Hacker News new | ask | show | jobs
by Zenst 2077 days ago
I like what IBM has done with their latest power chip - effectually made the whole memory interface upgradable.

https://www.nextplatform.com/2020/09/03/the-memory-area-netw...

"the shift from dedicated DDR4 memory controllers to Serdes-based, high speed differential signaling mixed with buffer chips on memory modules that can be taught to speak DDR4, DDR5, GDDR6, 3D XPoint, or whatever, is an important shift in system design and one that we think, ultimately, the entire industry will get behind eventually."

3 comments

I think this makes sense for IBM, but probably not for AMD and Intel. AMD and Intel are putting out new chips every year (even if they're just Skylake refreshes), so it's not too big of a deal to change the memory interface, and they are capable of putting in two flavors of DDR support when some flexibility is needed. For IBM, I don't think they release incremental chip designs each year, so it makes more sense for them to take the tradeoff of a flexible interface, so they can get onboard with newer ram faster.
It is pretty much the current greed driven technology. Company doesn't want to invest in proper FPGA technology that will allow reconfiguration of chipsets on the fly, but instead they want people to buy new chipsets every year or so and preferably make the old ones obsolete (not resellable)
Computers have never used FPGA memory controllers that are upgradeable to newer DRAM standards so there's really no reason to say that's the "proper" solution. And memory standards overlap for 4-5 years which also happens to be the lifetime of a PC so the price/performance benefit of future-proofing really isn't there.
This kind of proves my point. It doesn't lead to maximisation of profits therefore it is not being developed.
How would the increased cost of a FPGA memory controller benefit the end user?
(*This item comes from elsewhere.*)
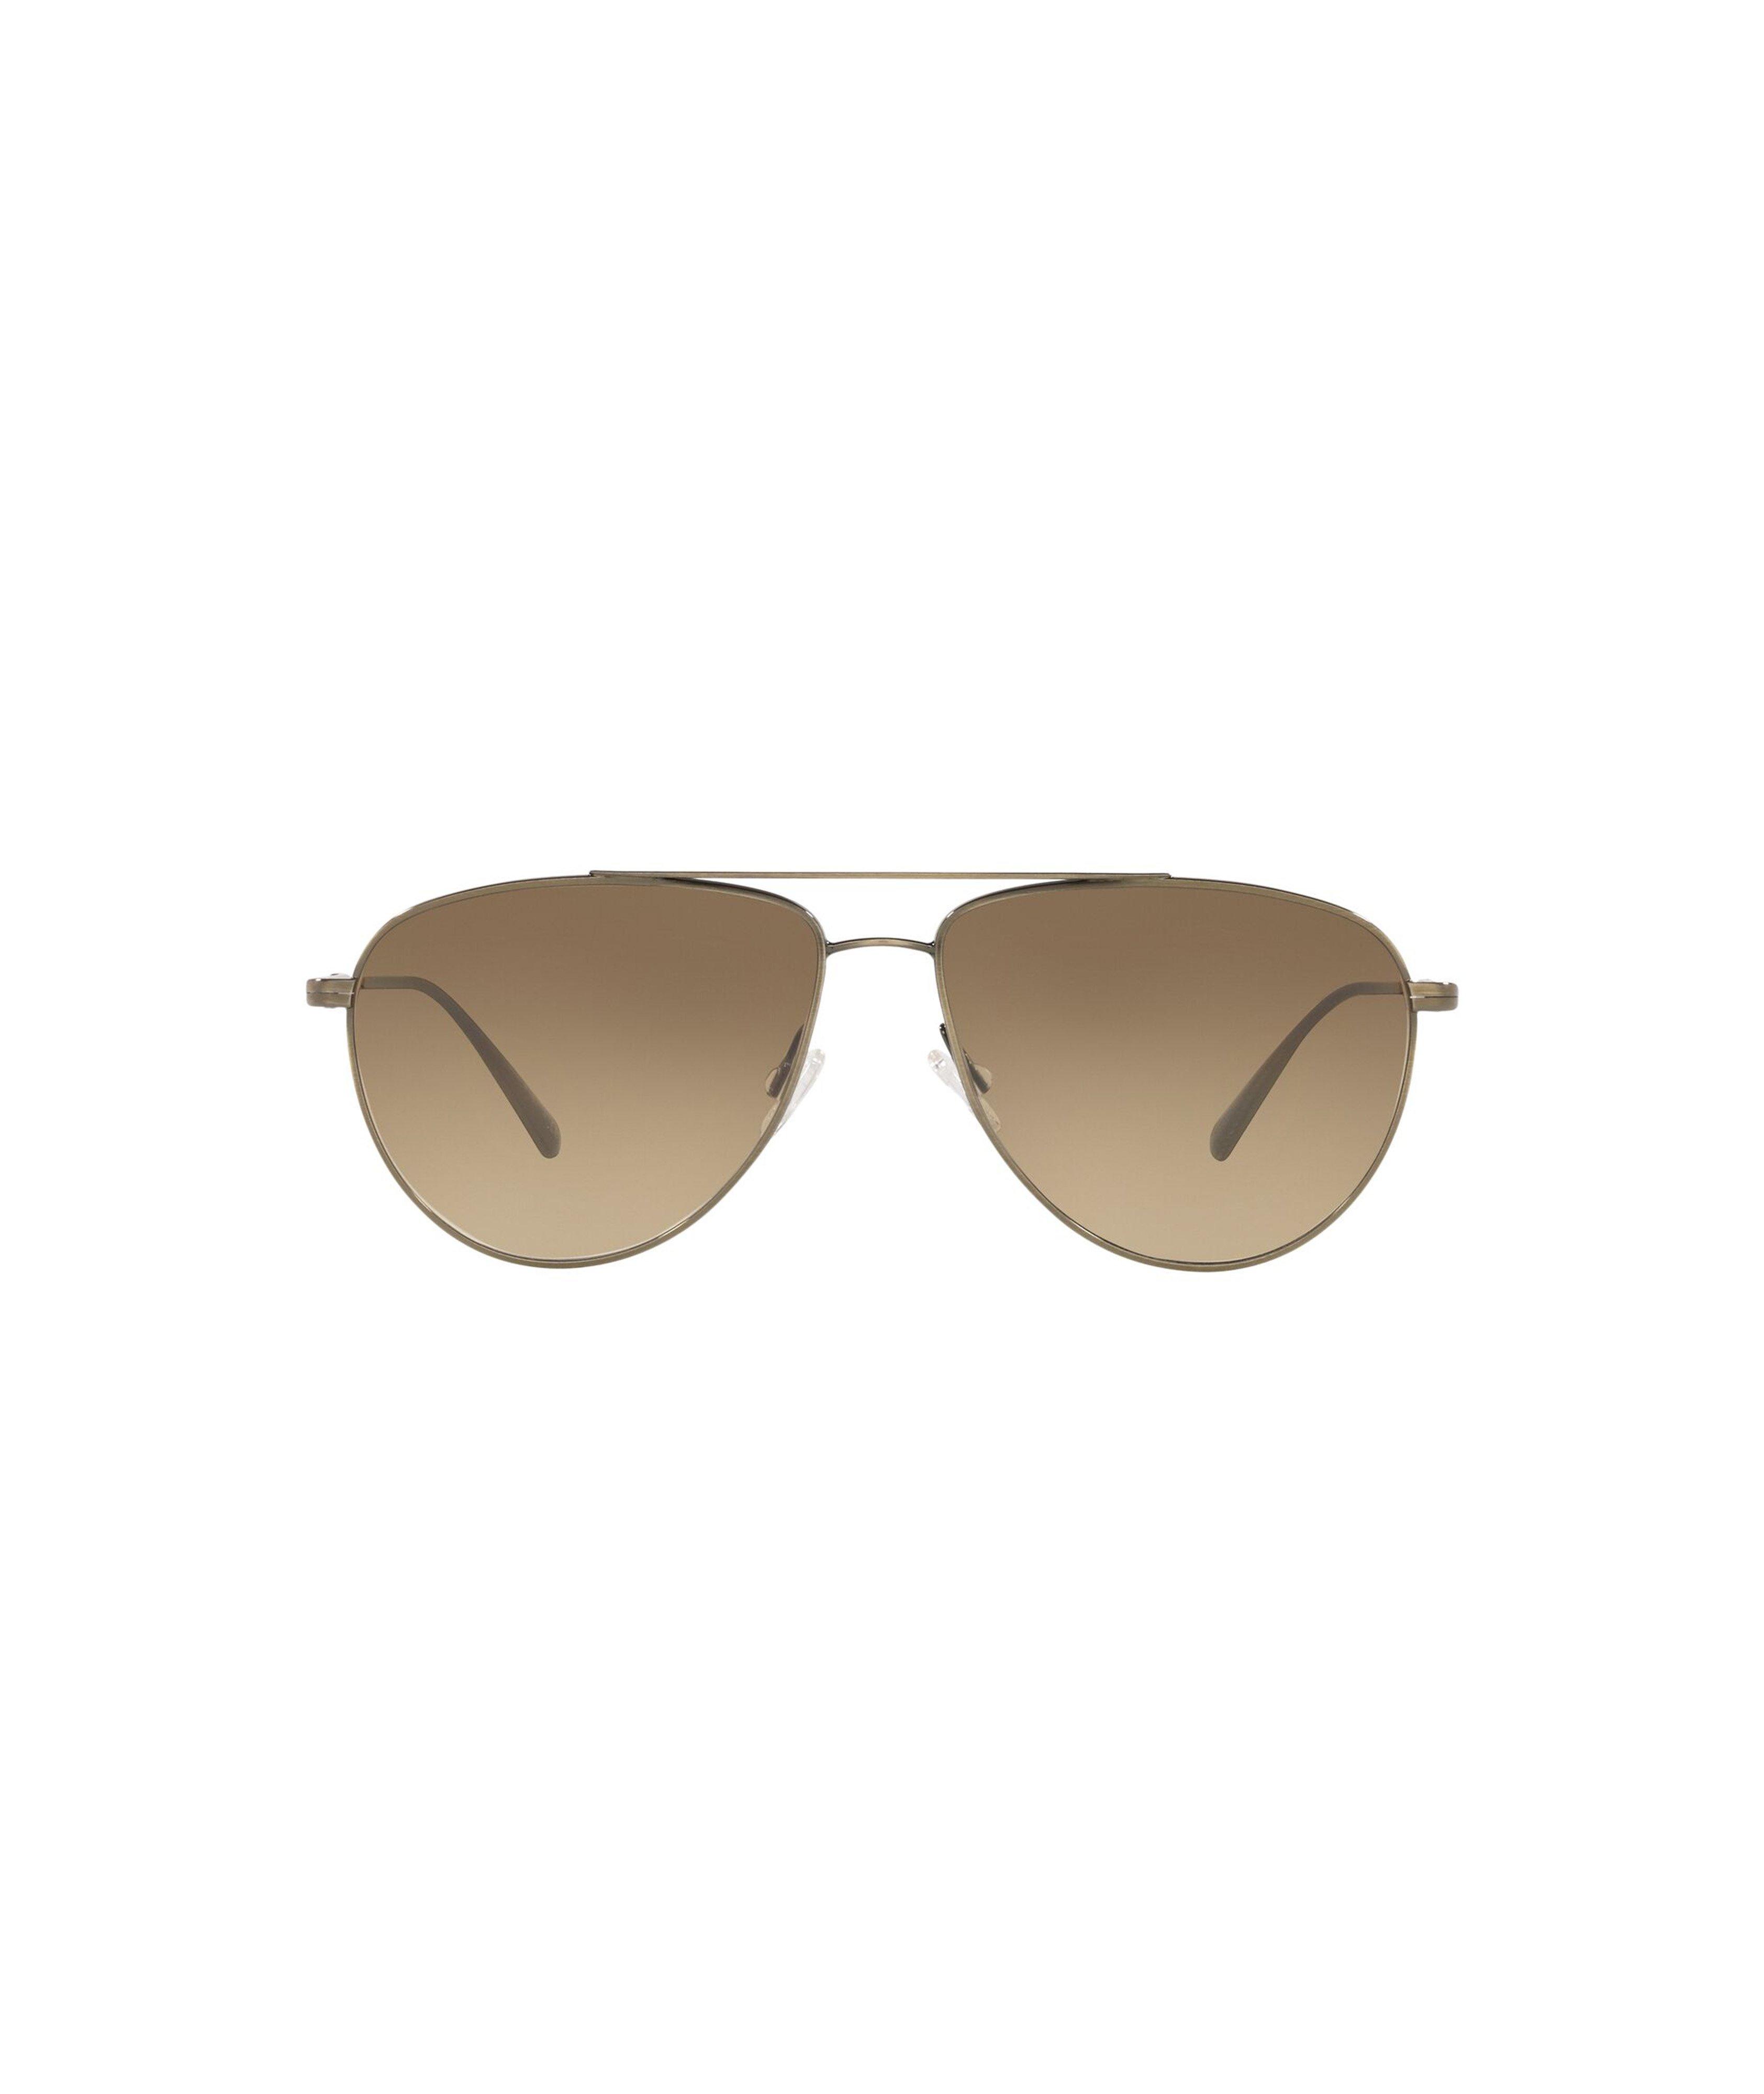 Disoriano Sunglasses image 0
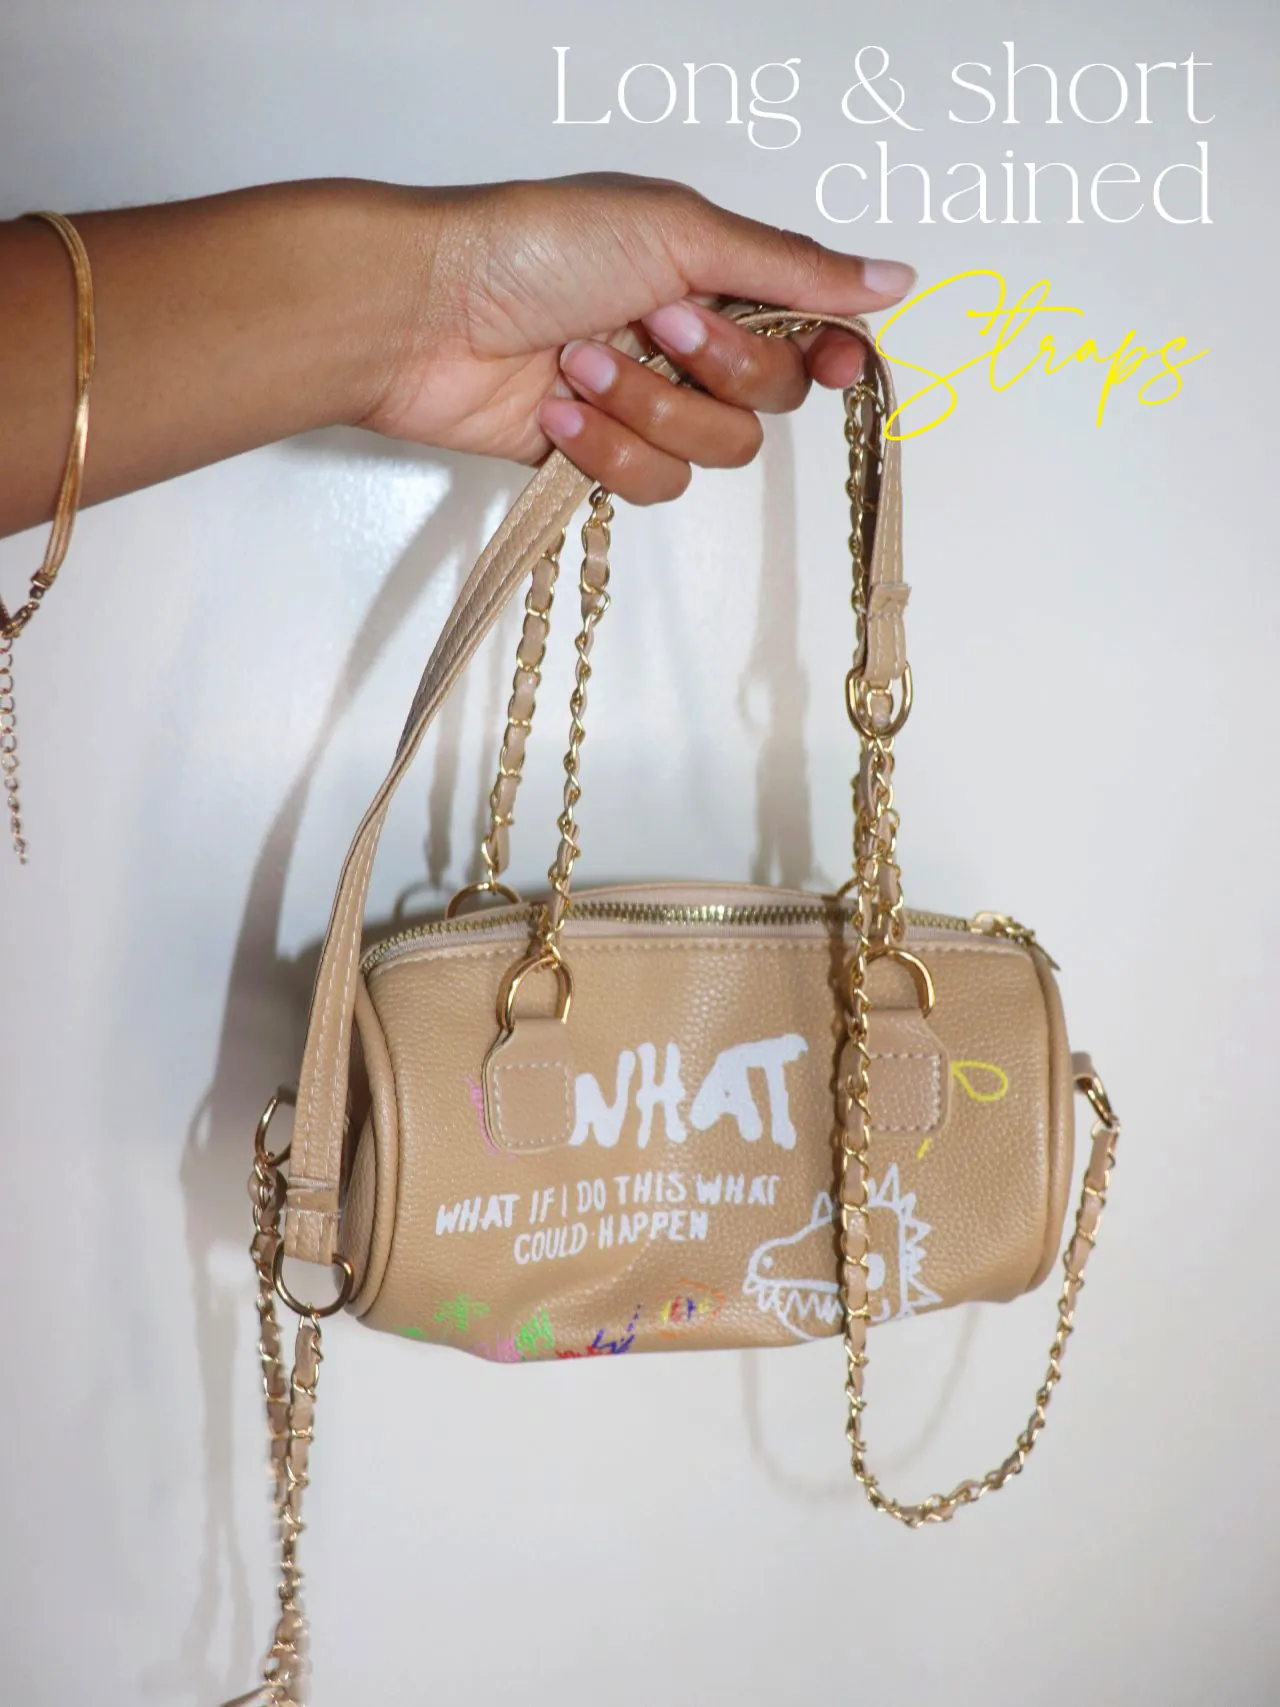 SHEIN Affordable Bag Haul 2020

They would still need a new motherboard to use newer memory types, because the modules will have different connectors. They might need a new chipset if the newer memory type wasn't actually addressable with the FPGA (not enough pins, not enough signalling capacity, not enough voltage flexibility, etc).

For the majority of users, they don't change the cpu, motherboard, or memory for the life of the computer (in many cases, some or all of these parts are soldered to the board). Paying more for flexibility that will never be used isn't good for anyone.

I would agree that it supports your point. Proves it? no.
AMD and Intel have released multiple DDR4 chipsets over there last 4~ years. The chipsets releases have hardly been related to RAM type support. Typically it's power or PCIe related, with Intel being the worst offender.
RAM support is on the CPU die. The chipset doesn't connect the CPU to RAM anymore and hasn't for a very long time.
Did I say it did?

Ryzen has seen improvements to DDR4 module support with each generation and to take advantage of the latest generation you may need to upgrade your motherboard to one with the latest chipset, depending on vendor support. Even if your older board supports the newer generation, likely you have a more limited QVL for DDR4 modules, so compatibility and perf may be limited.

This is why I implied it had limited impact, though there is some truth to boards with newer AMD chipsets offering better memory support.

This was a response to parent comment stating it was greedy behavior to try to get consumers to buy new motherboards with new chipsets, when the chipsets have little impact on RAM compatibility/support.

Adds a latency hop, which generally can be dealt with by prefetching and larger caches on the CPU side.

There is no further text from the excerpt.